__INSTRUCTIONS FOR THE TASK__.
What is needed is a word-for-word copy of the lines below from the one with "Bamboo Leaf Silver" through the one with "To me, film", both included, with every picture left out.

__SUPPLIED MATERIAL__.
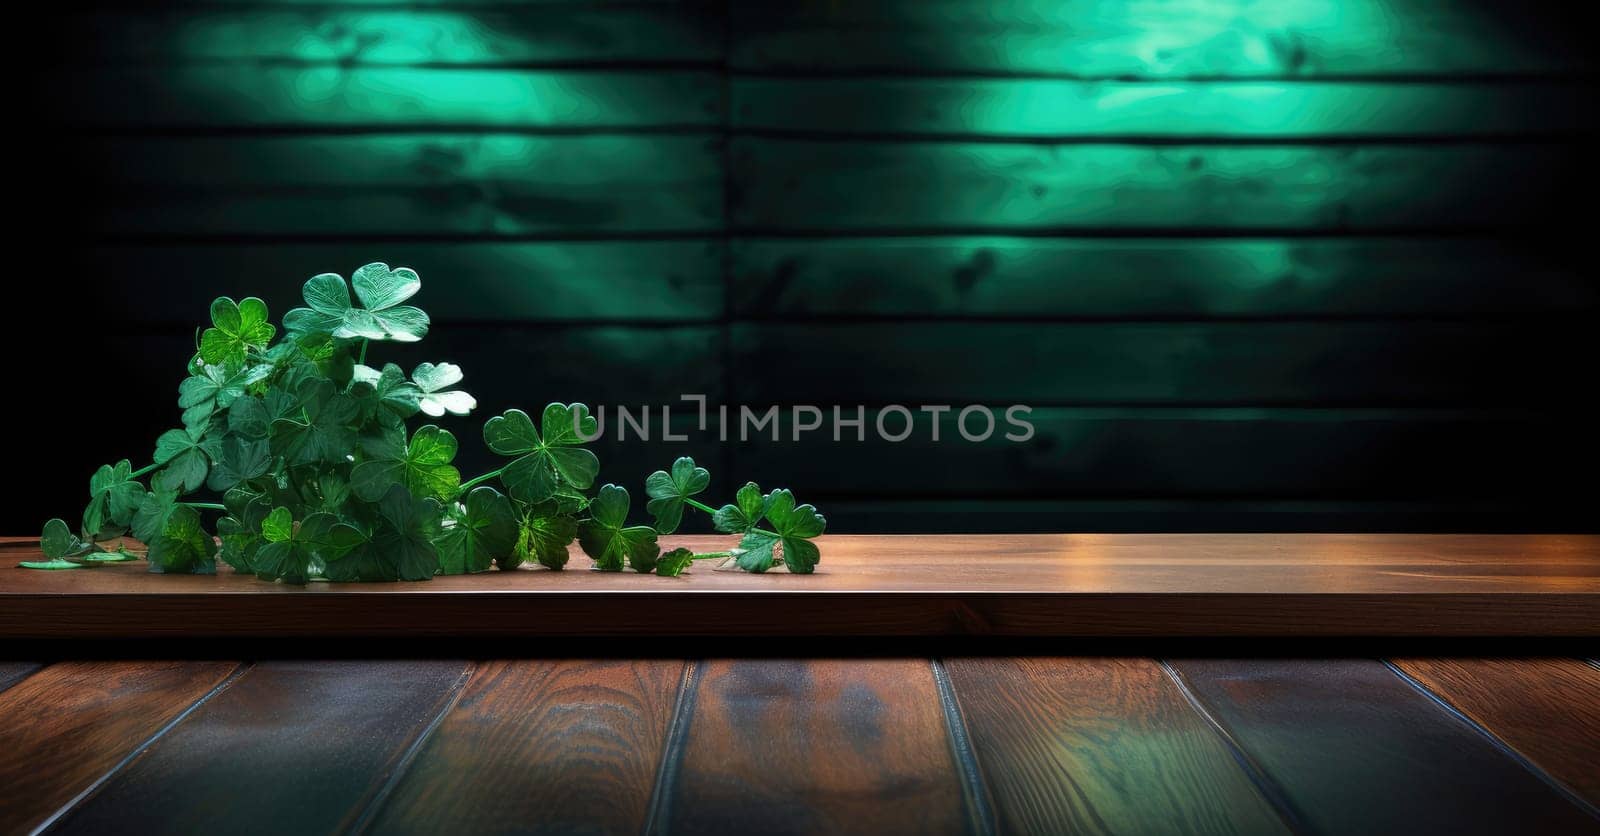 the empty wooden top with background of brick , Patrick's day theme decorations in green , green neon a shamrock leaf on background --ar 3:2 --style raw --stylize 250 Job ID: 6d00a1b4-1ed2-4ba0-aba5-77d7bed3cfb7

--

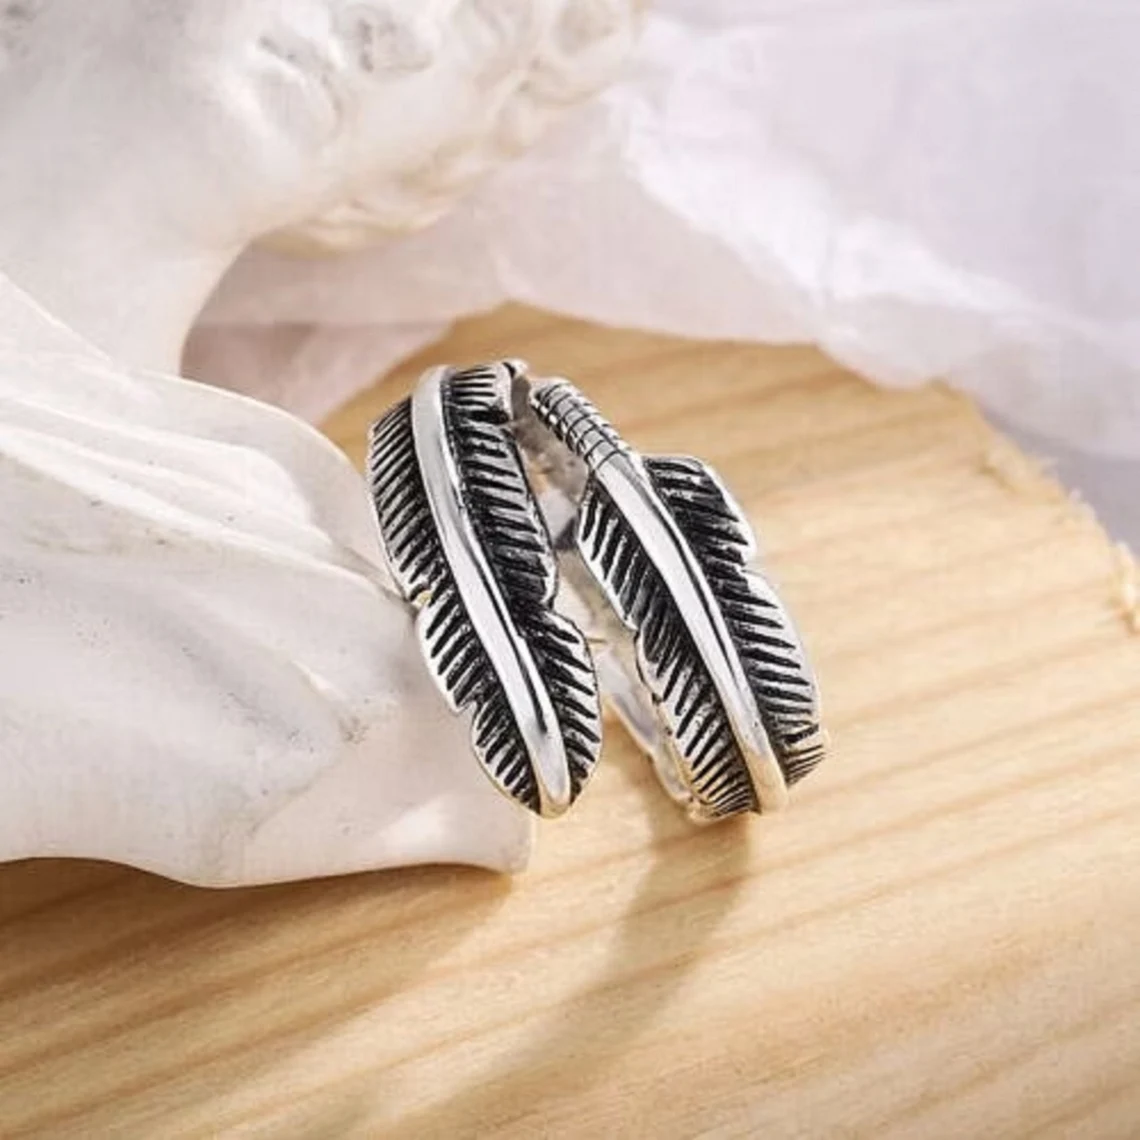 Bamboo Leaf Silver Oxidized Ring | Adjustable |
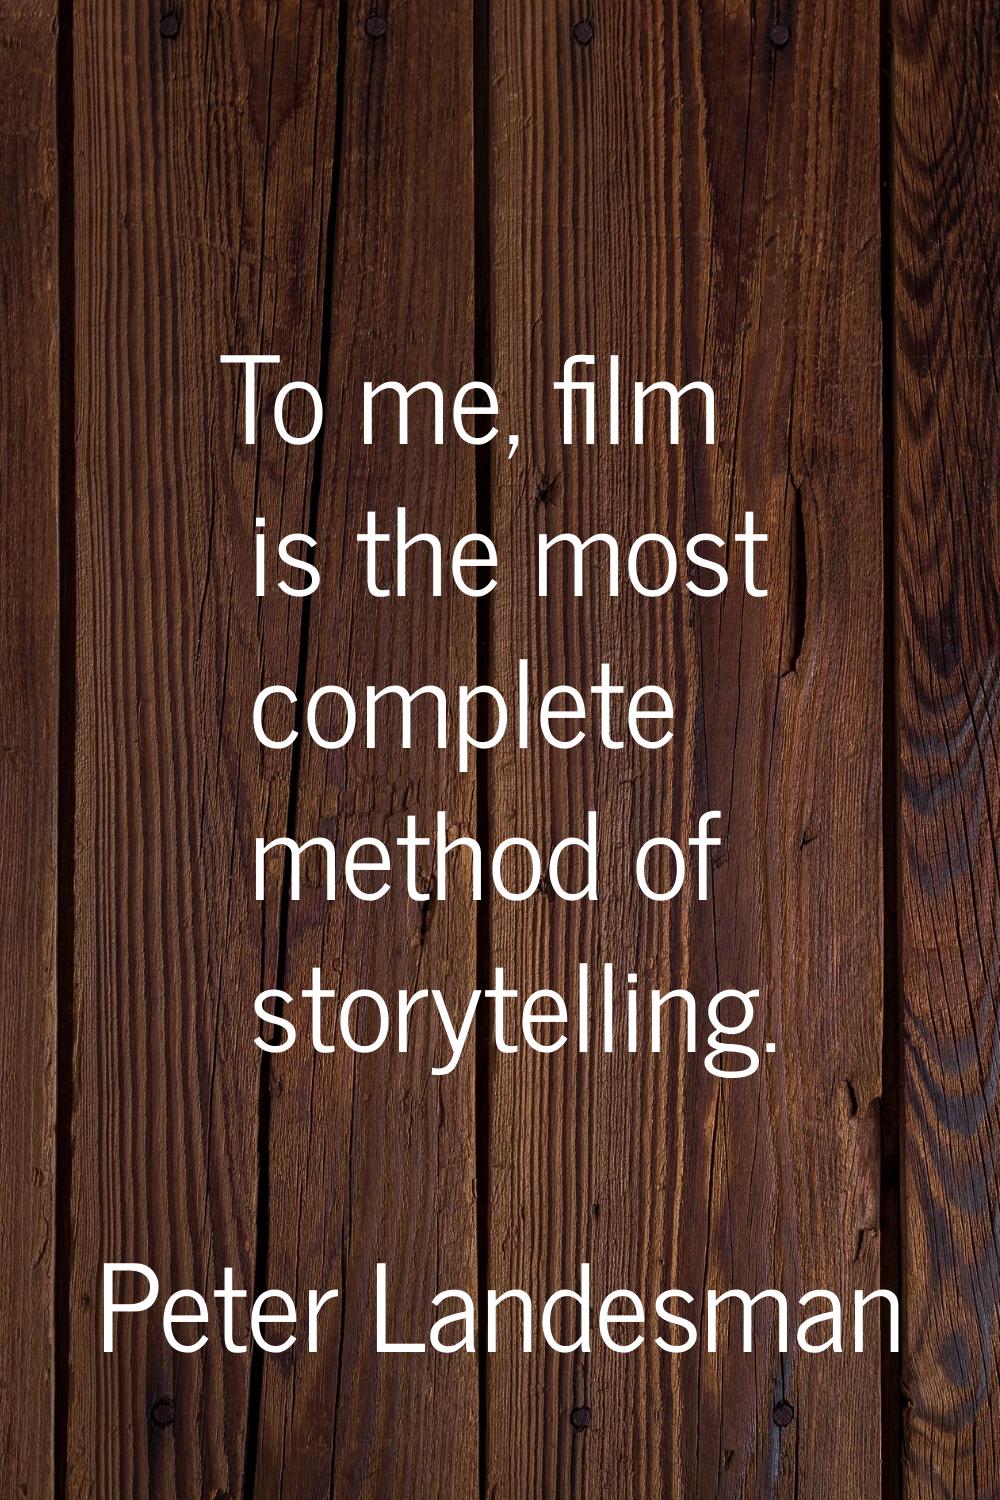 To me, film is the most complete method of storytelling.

__FINISHED EXERCISE__.
 Bamboo Leaf Silver Oxidized Ring | Adjustable |
 To me, film is the most complete method of storytelling.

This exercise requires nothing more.